**Your goal**
Below, find the line containing "VINDÅS Холодильник /" and the line containing "Perceeloppervlakte Baron De"; reproduce exactly those two and every line between them, omitting pictures.

**Information**
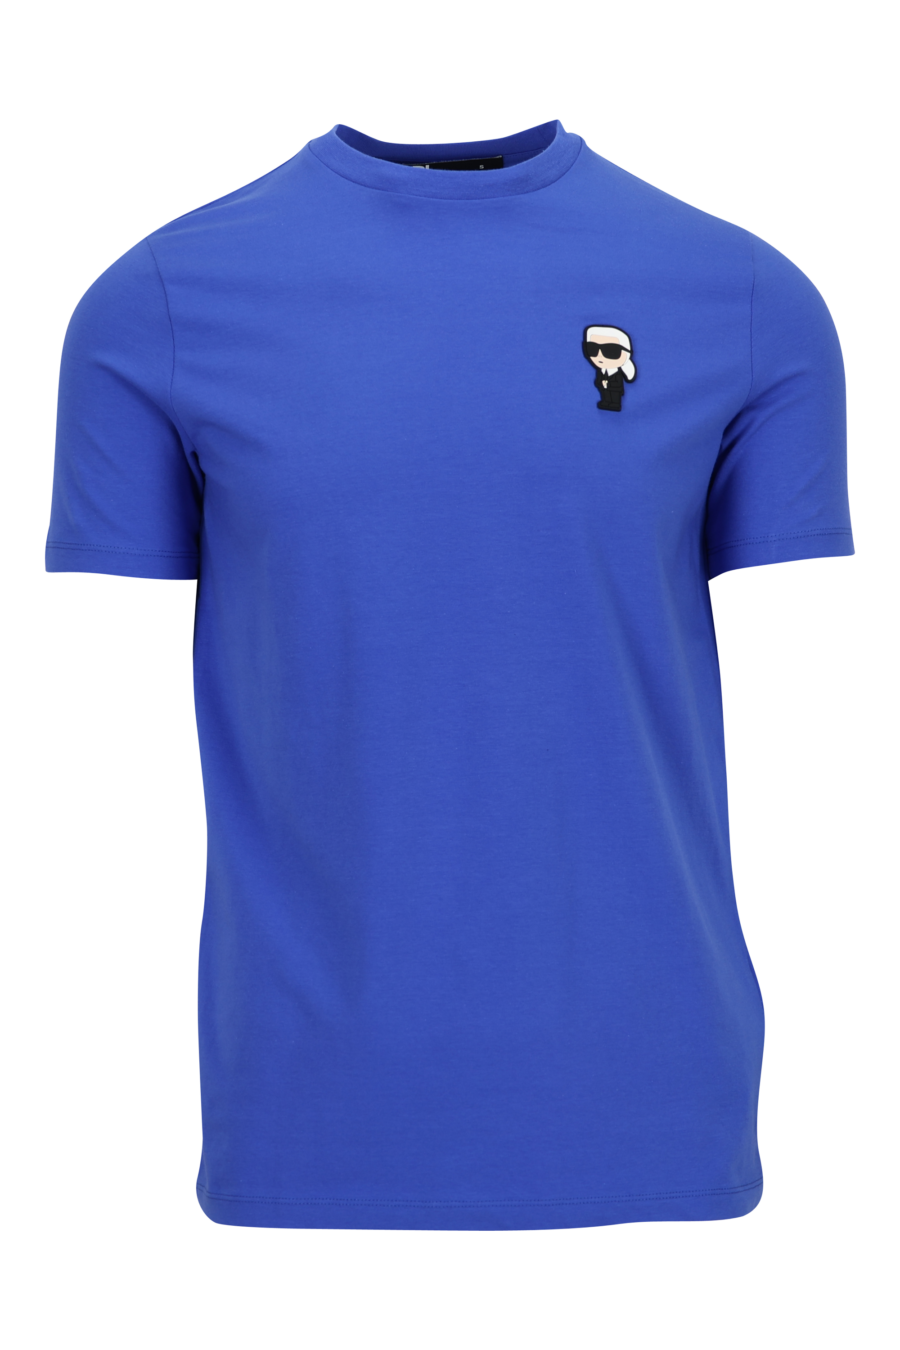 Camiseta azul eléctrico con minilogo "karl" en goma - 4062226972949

---

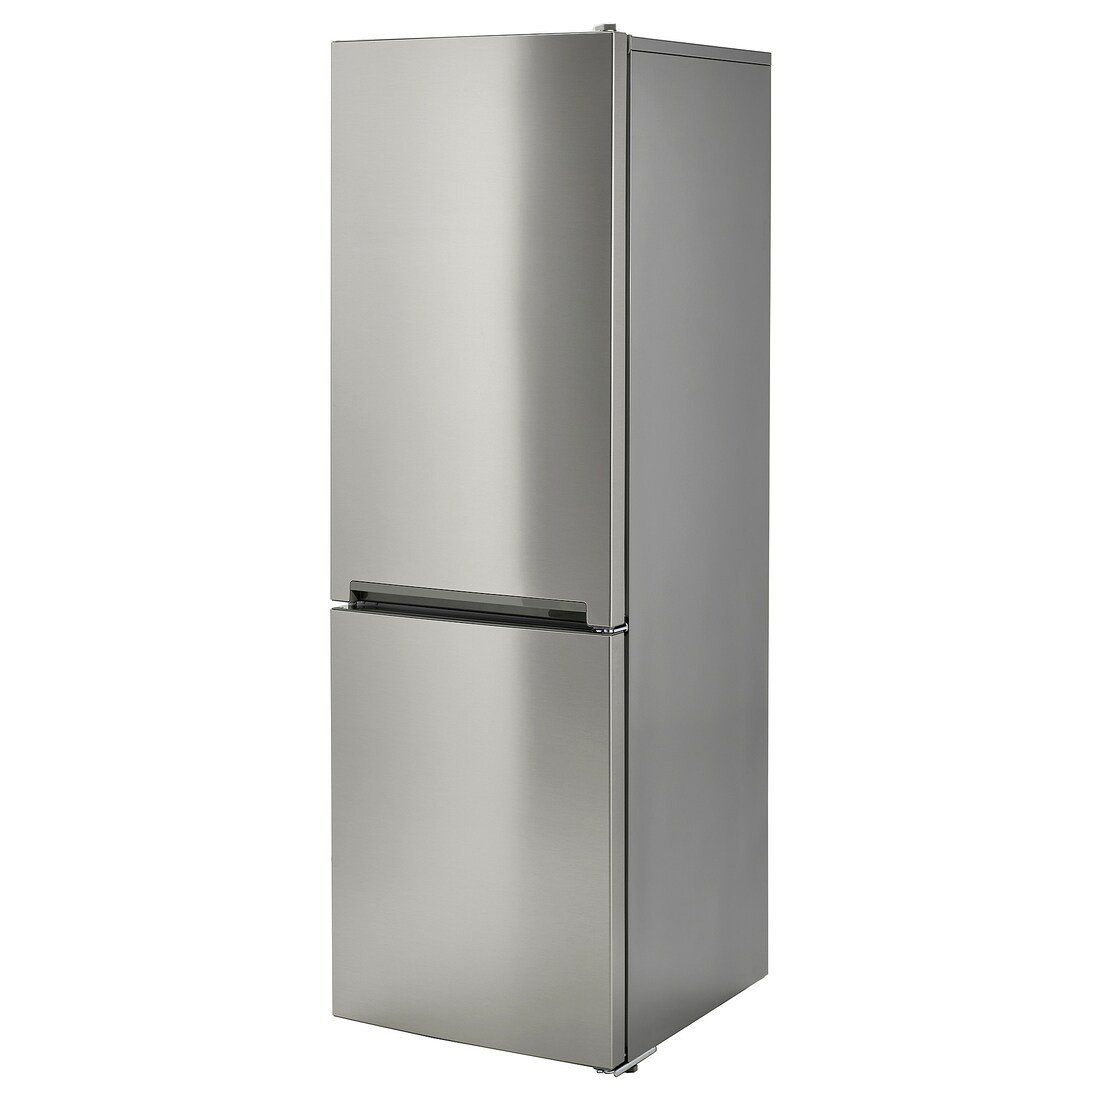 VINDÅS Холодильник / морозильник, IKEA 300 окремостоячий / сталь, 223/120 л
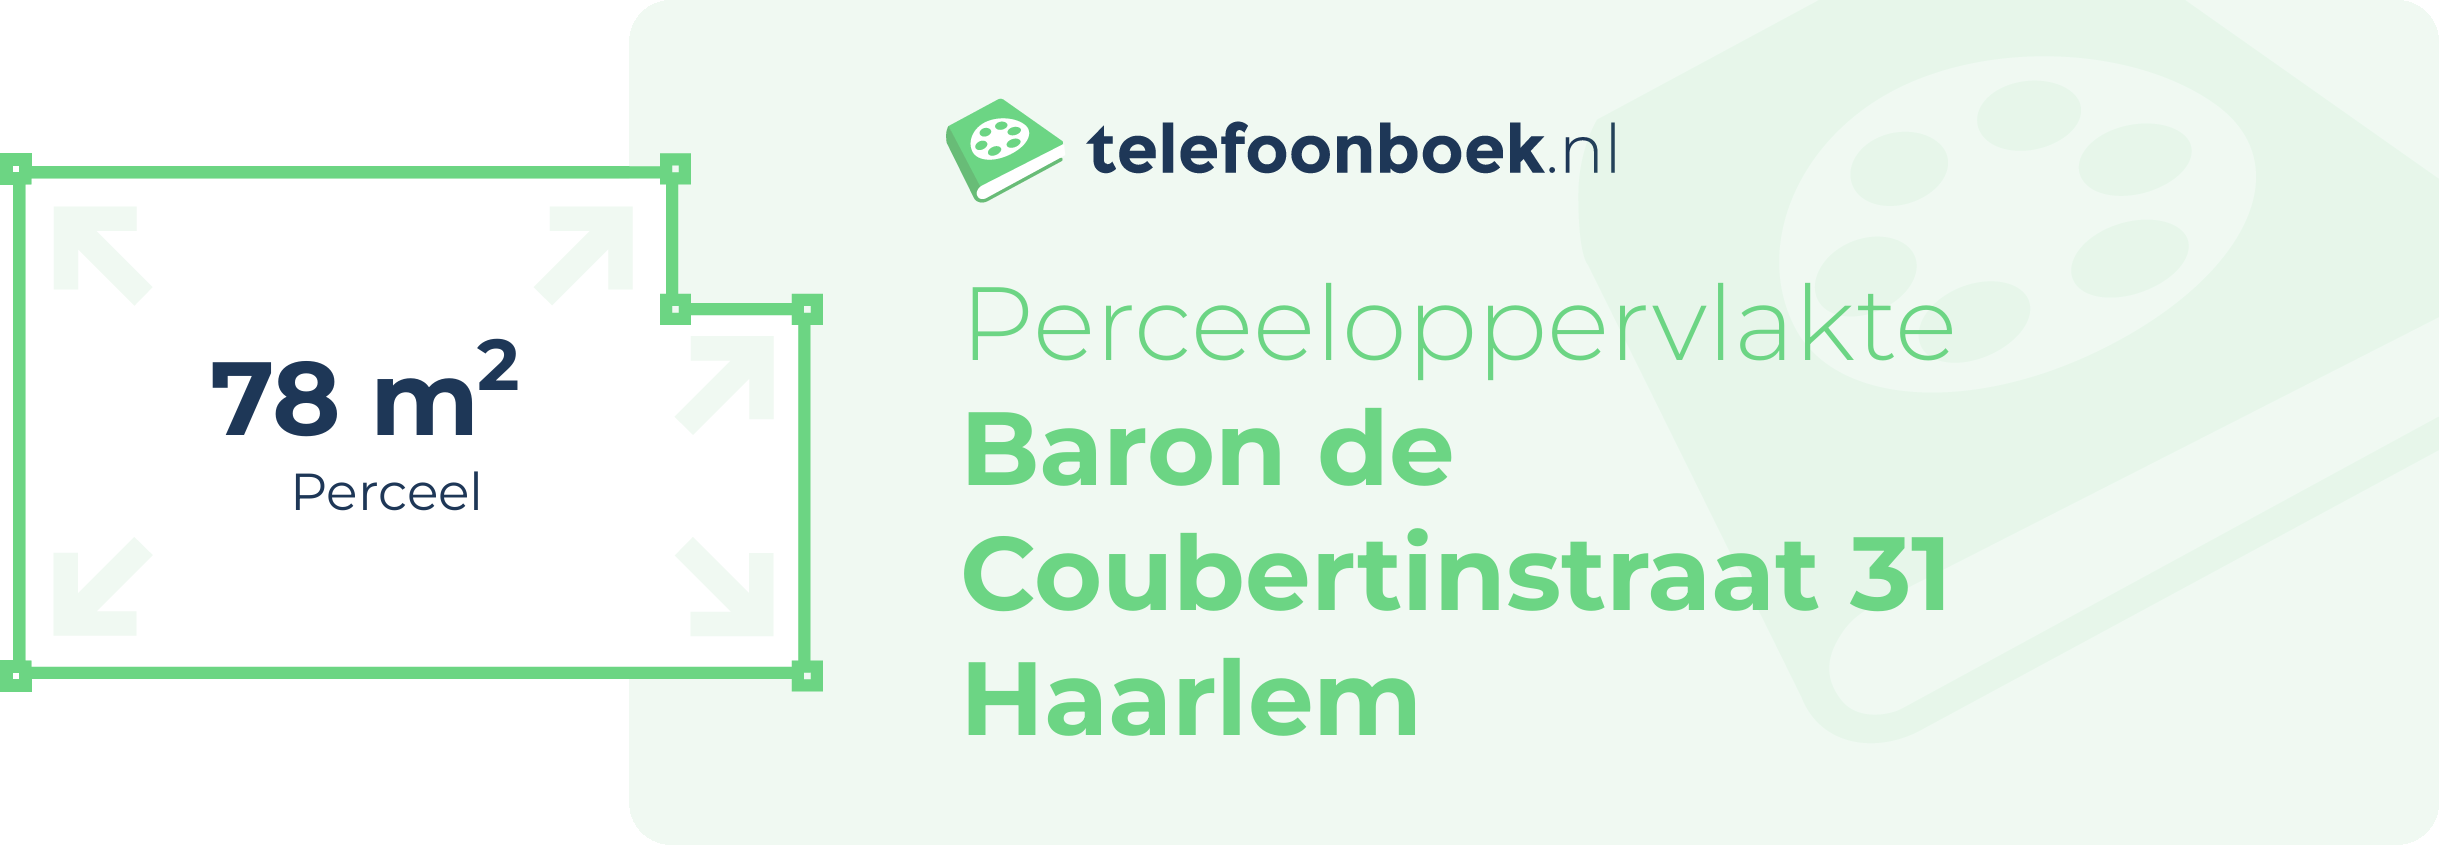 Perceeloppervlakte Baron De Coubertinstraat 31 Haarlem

**Finished task**
 VINDÅS Холодильник / морозильник, IKEA 300 окремостоячий / сталь, 223/120 л
 Perceeloppervlakte Baron De Coubertinstraat 31 Haarlem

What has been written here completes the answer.